:: Dataset excerpt ::
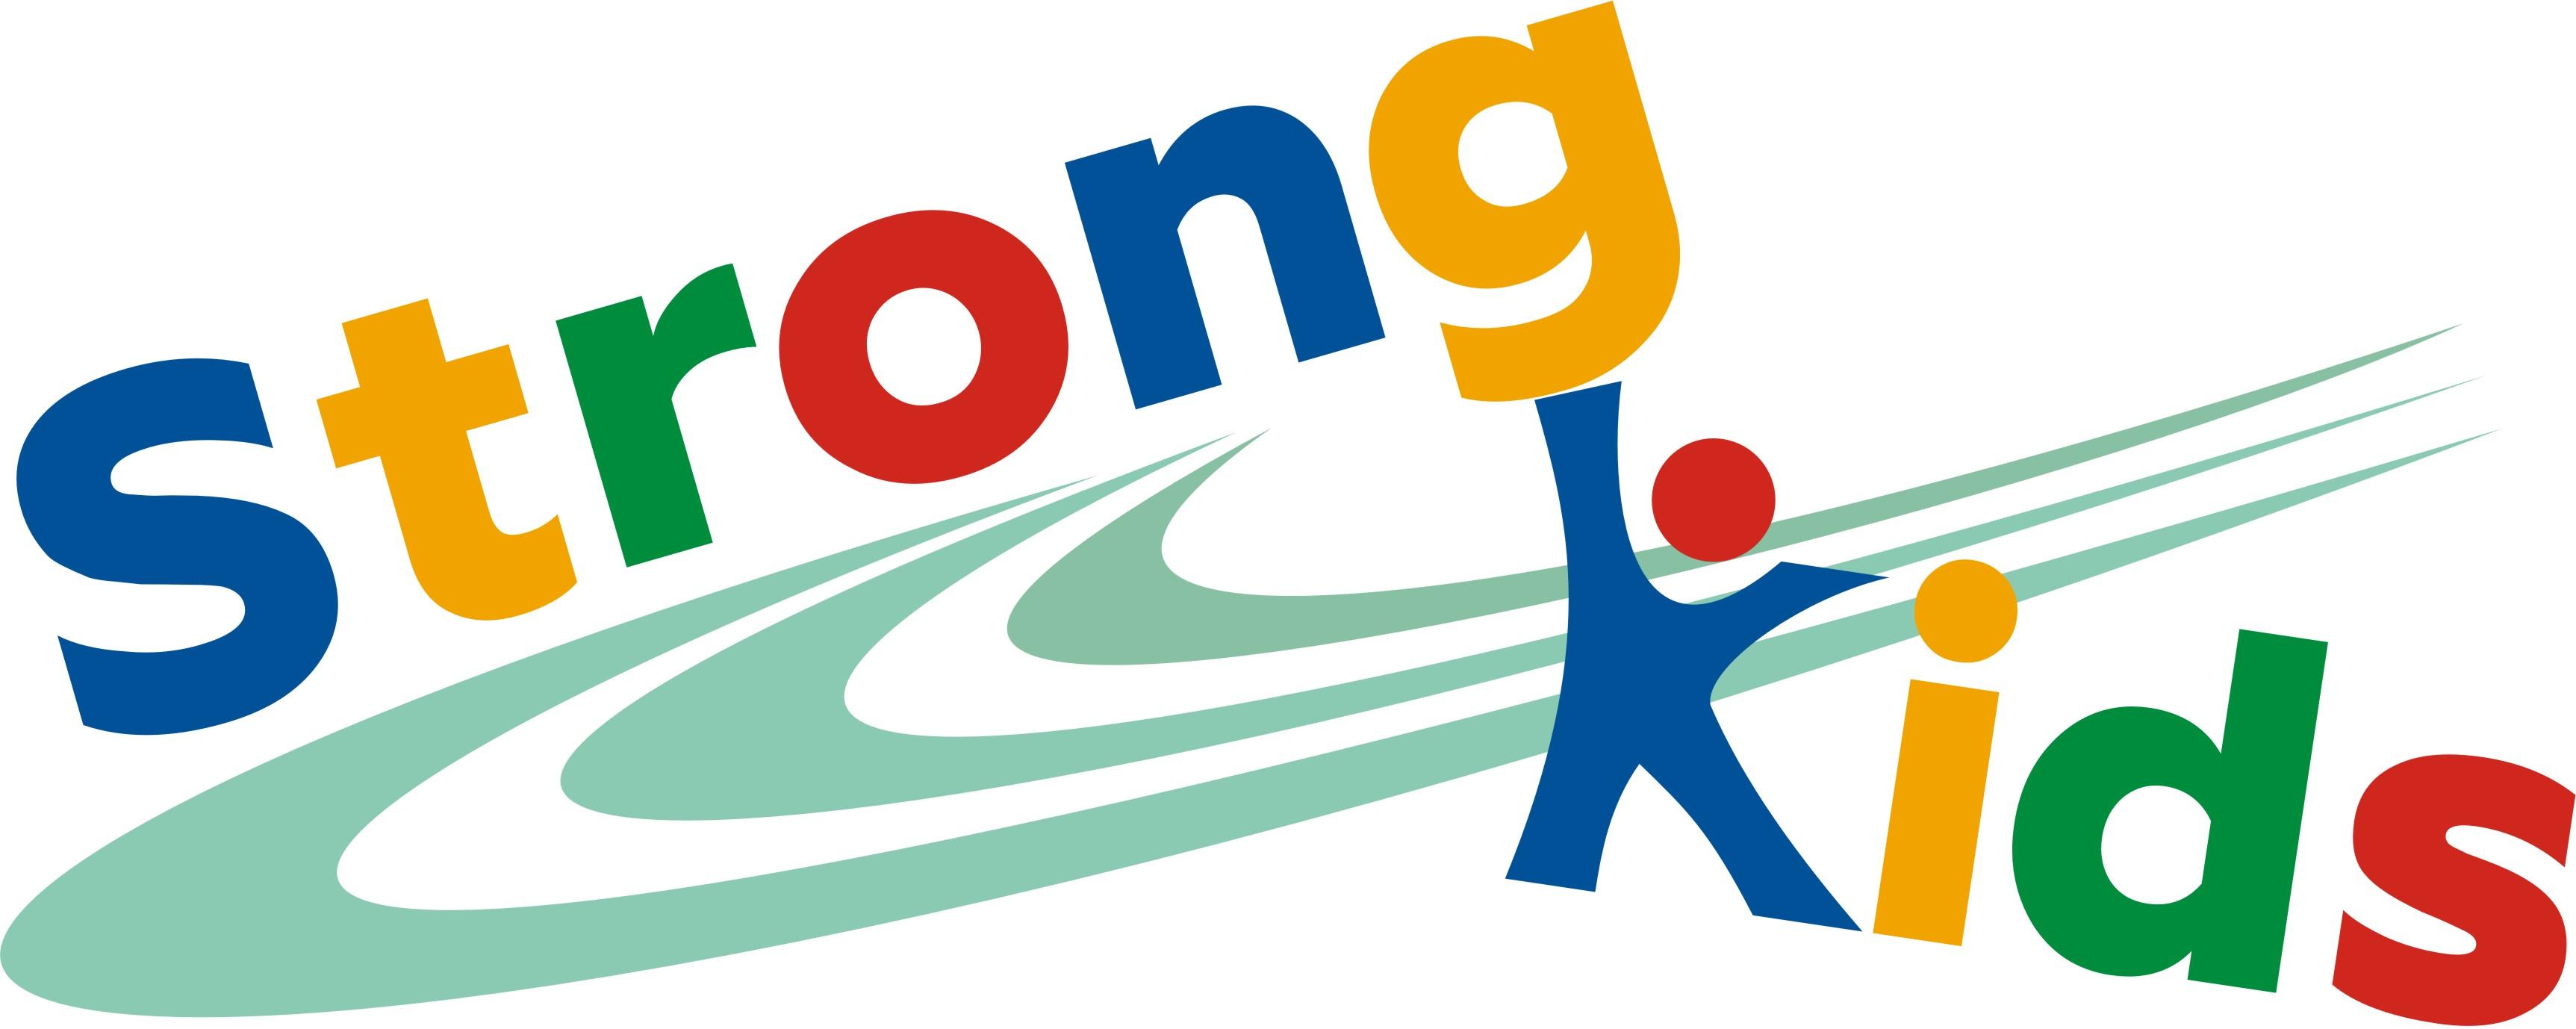 Логотип для Детского Интернет Магазина StrongKids фото f_9705c88f09b0389c.jpg
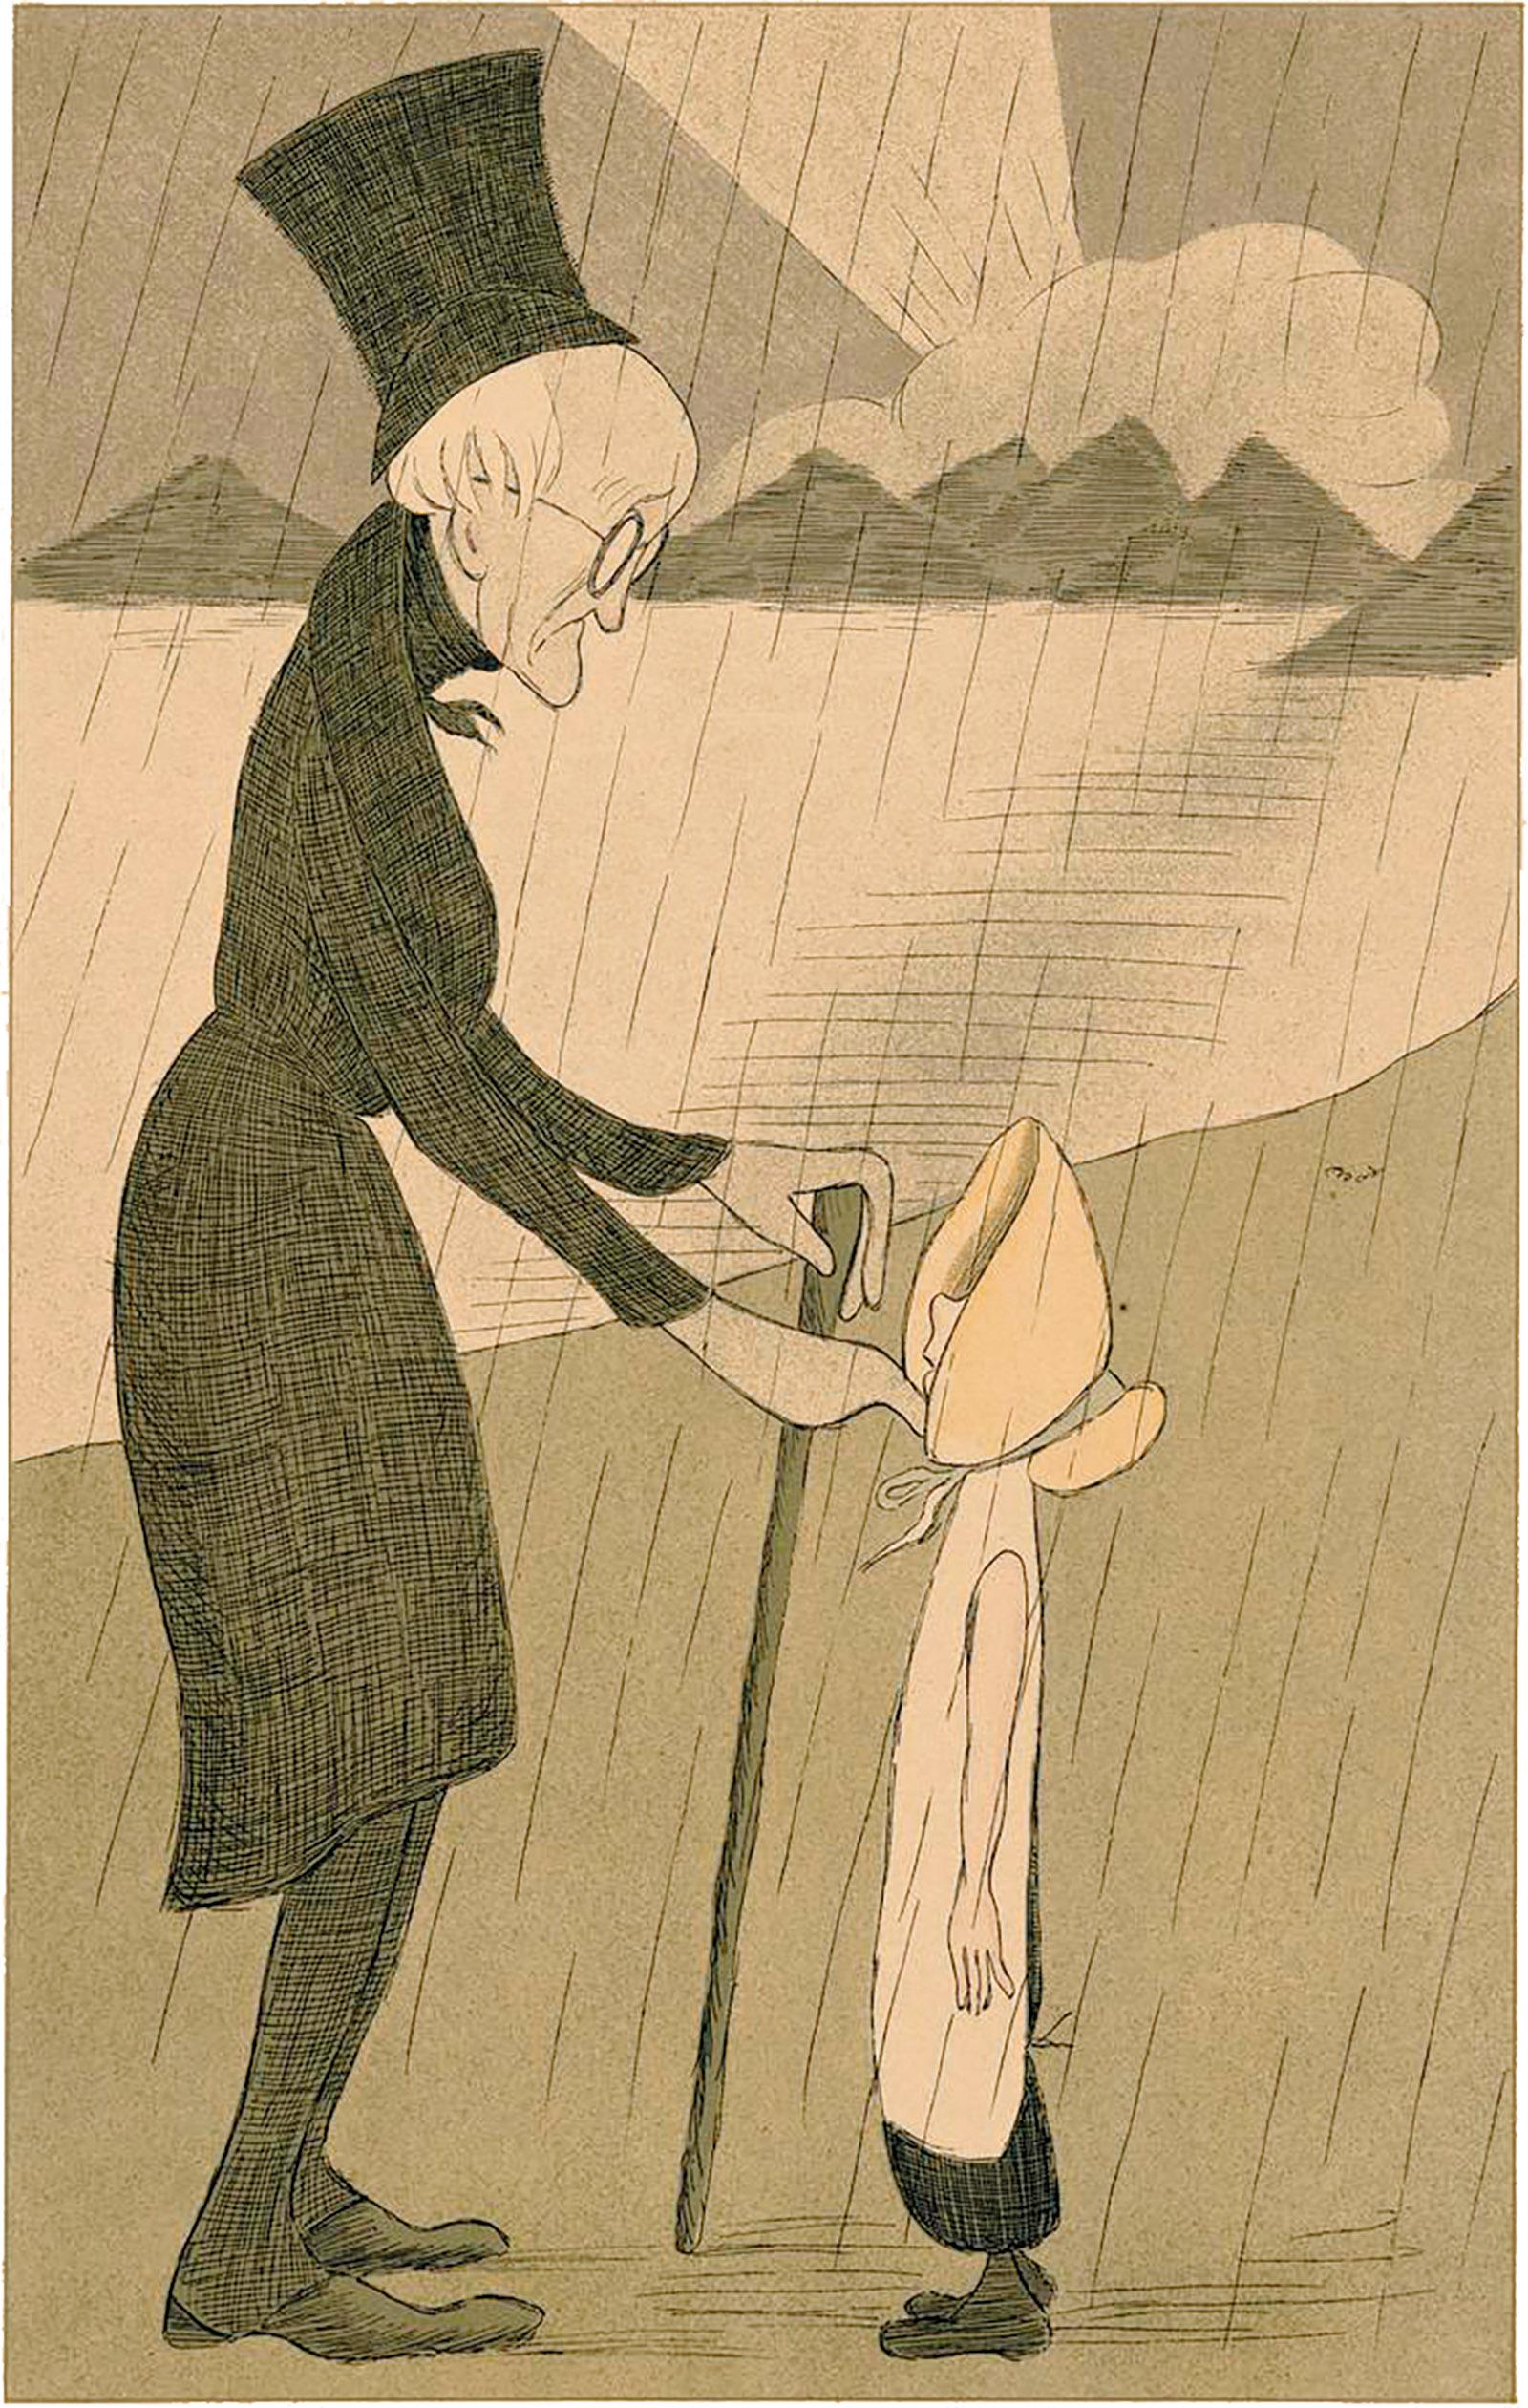 Max Beerbohm: William Wordsworth in the Lake District, at Cross-purposes, 1904
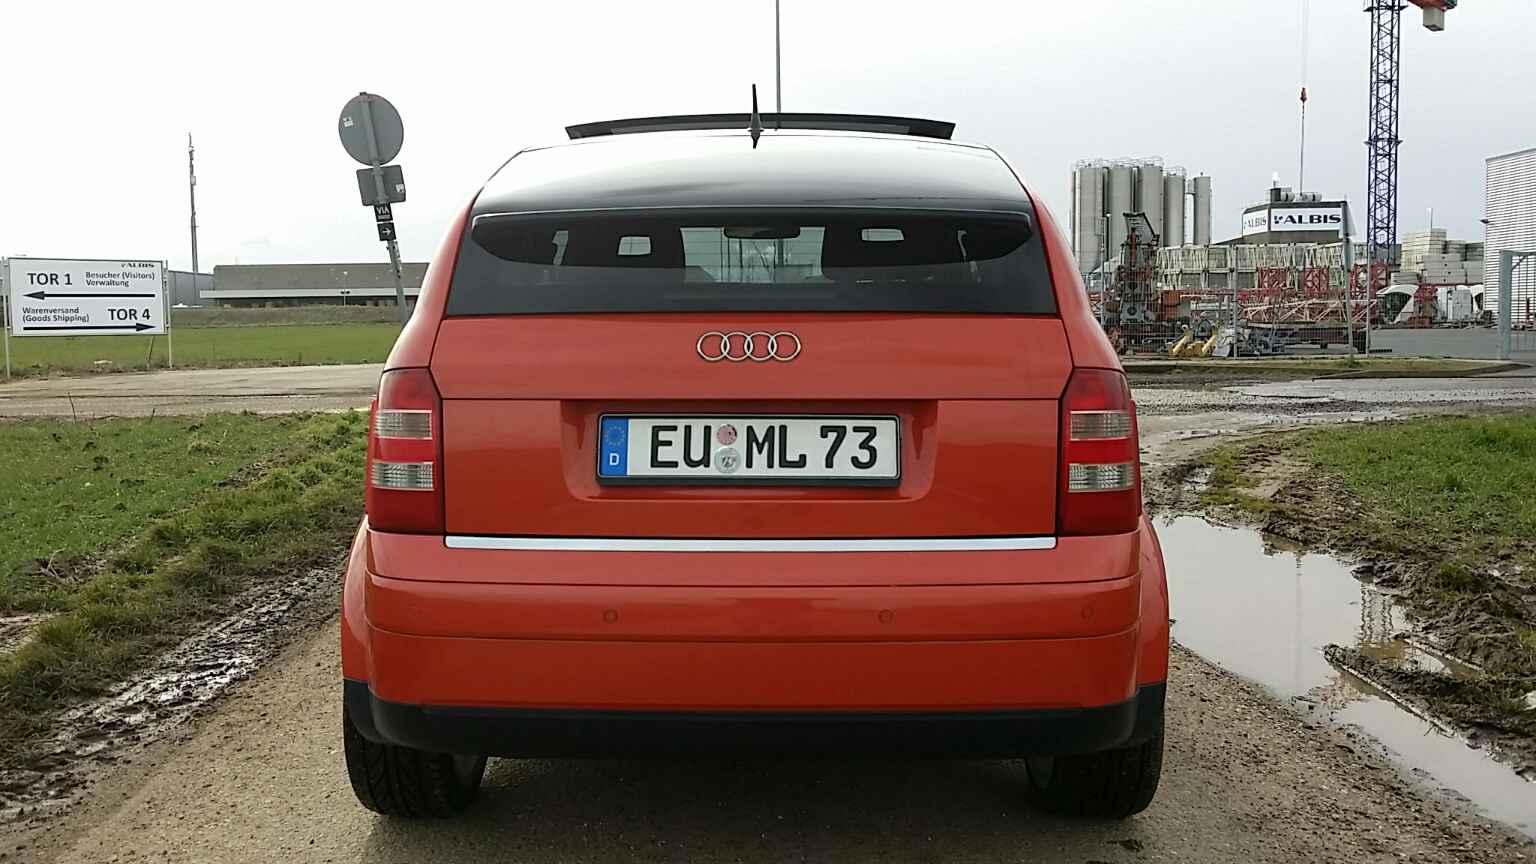 Audi03.jpg.11f81b6f6c168166d88fd4381fef1e7c.jpg

:: Work to be completed ::
Your response must reproduce the listing above word for word and must contain none of its pictures.

:: Exercise solution ::
 Логотип для Детского Интернет Магазина StrongKids фото f_9705c88f09b0389c.jpg
 Max Beerbohm: William Wordsworth in the Lake District, at Cross-purposes, 1904
 Audi03.jpg.11f81b6f6c168166d88fd4381fef1e7c.jpg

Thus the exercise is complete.